Names in the configuration file
In configuration files, we represent directory names as a "section" with one
"attr = value" line per RDN component. Relevant documentation is in
x509v3_config(3)
and openssl-req(1
). For example:
subjectAltName = dirName:dir_sect
[dir_sect]
C = UK
O = My Organization
OU = My Unit
CN = My Name
So in the configuration file, we only have to handle the syntax of the
individual value elements, the DN as a whole is not parsed. The string_mask
affects the encoding of the various strings, and defaults to utf8only
(other
values are not recommended).
Only the ca
and req
commands process the string mask, though user
applications can do the same by calling ASN1_STRING_set_default_mask_asc()
,
which is an undocumented and non-thread-safe function. The comments above the
code say:
/*-
* This function sets the default to various "flavours" of configuration.

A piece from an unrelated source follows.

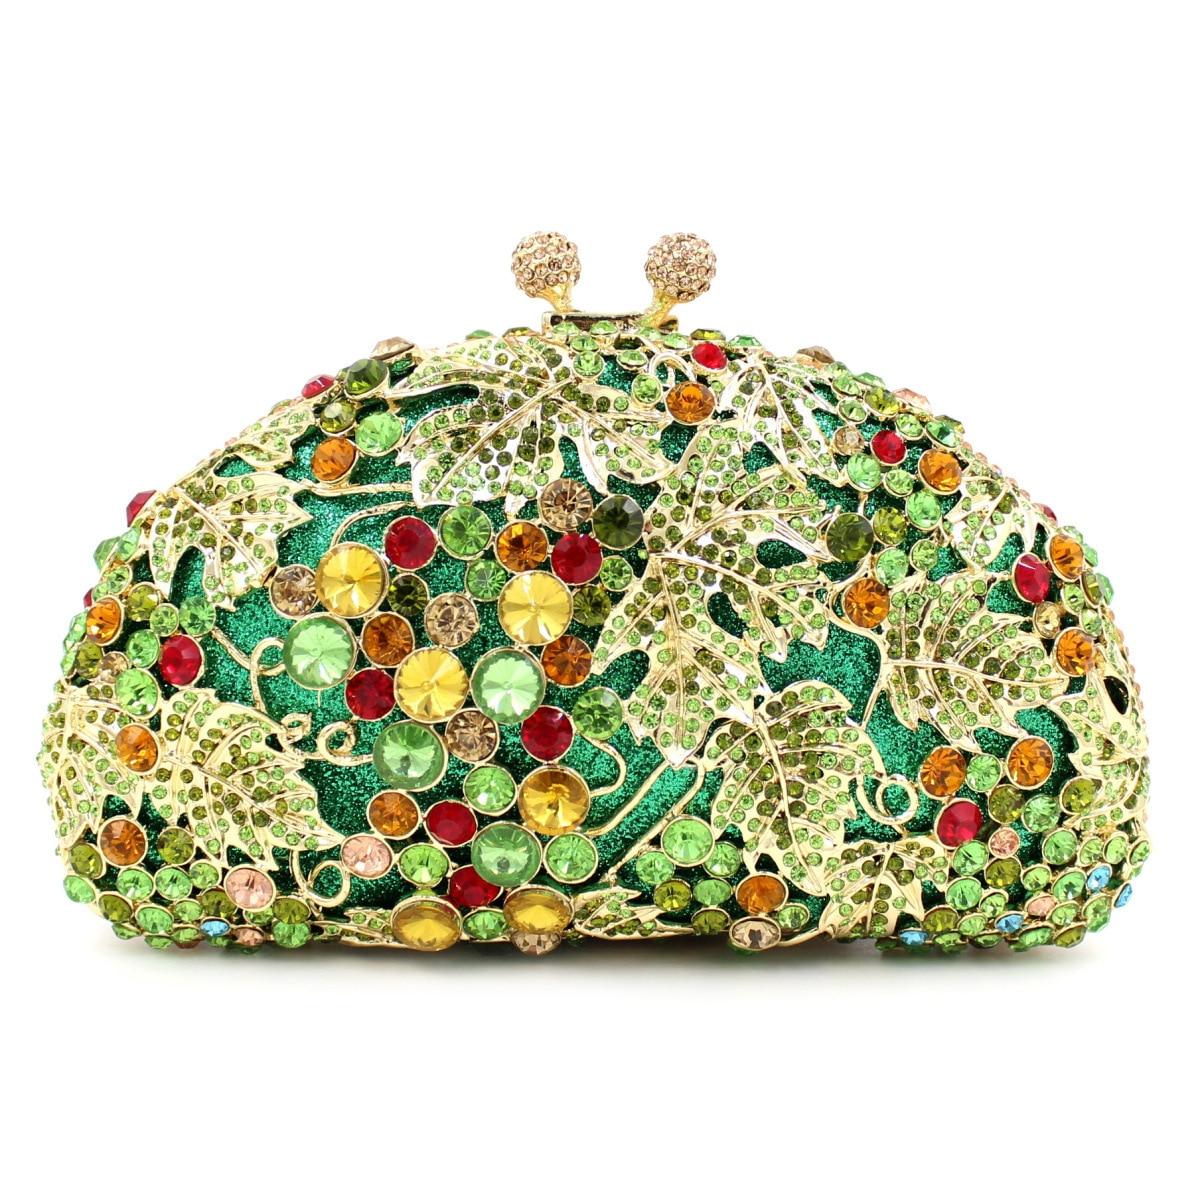 حقيبة عشاء من حجر الراين العنب الأخضر ، حقيبة عشاء من الكريستال والمعدن المموج للنساء ، حقيبة يد من الماس ، مقاس 18 × 10 سنتيمتر ، a6894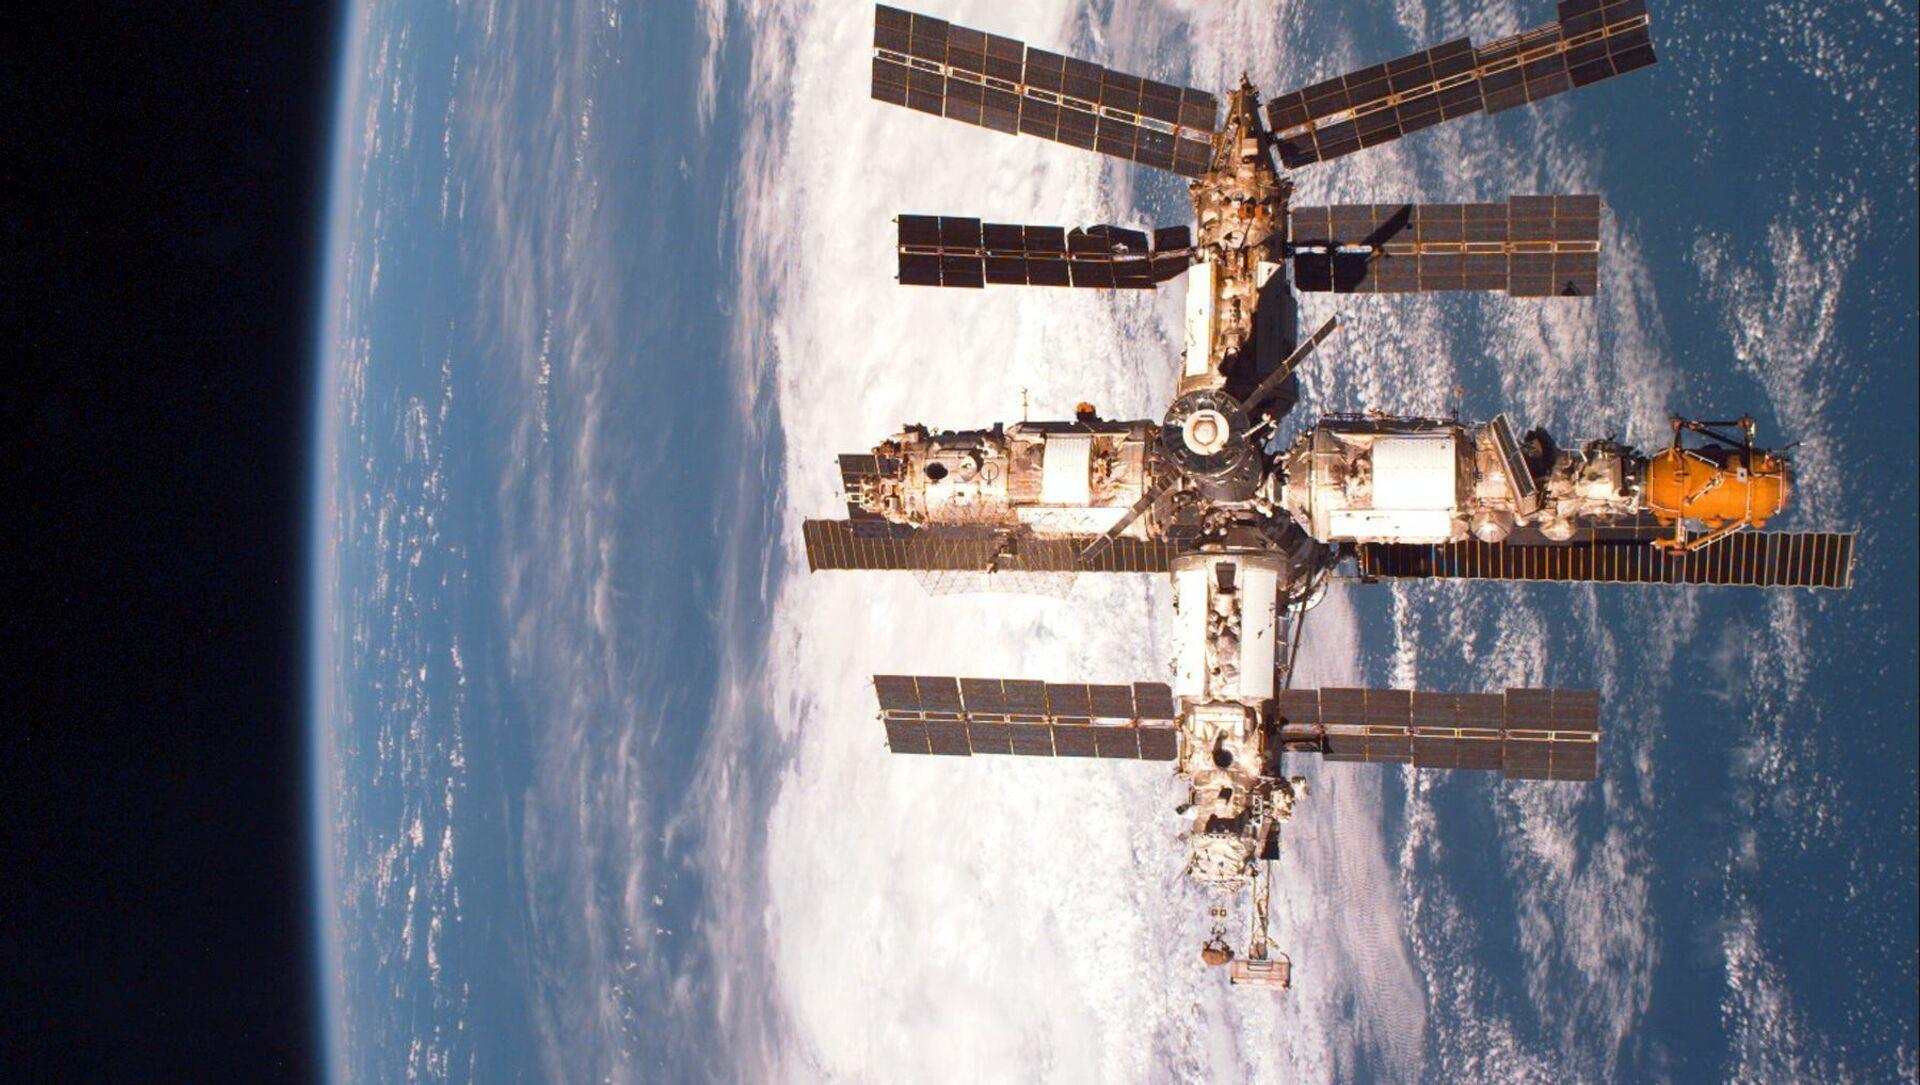 Vesmírná stanice Mir - Sputnik Česká republika, 1920, 20.02.2021

* based on an ASCII string. Currently this is:
* MASK:XXXX : a numerical mask value.
* default : use Printable, IA5, T61, BMP, and UTF8 string types
* nombstr : any string type except variable-sized BMPStrings or UTF8Strings
* pkix : PKIX recommendation in RFC 5280
* utf8only : this is the default, use UTF8Strings
*/
Bottom-line is that for most users the DN components in the configuration file are already UTF8-friendly, the only thing to check is whether we support the desired set of attribute type names, both in the configuration file and while parsing a string representation of a complete DN.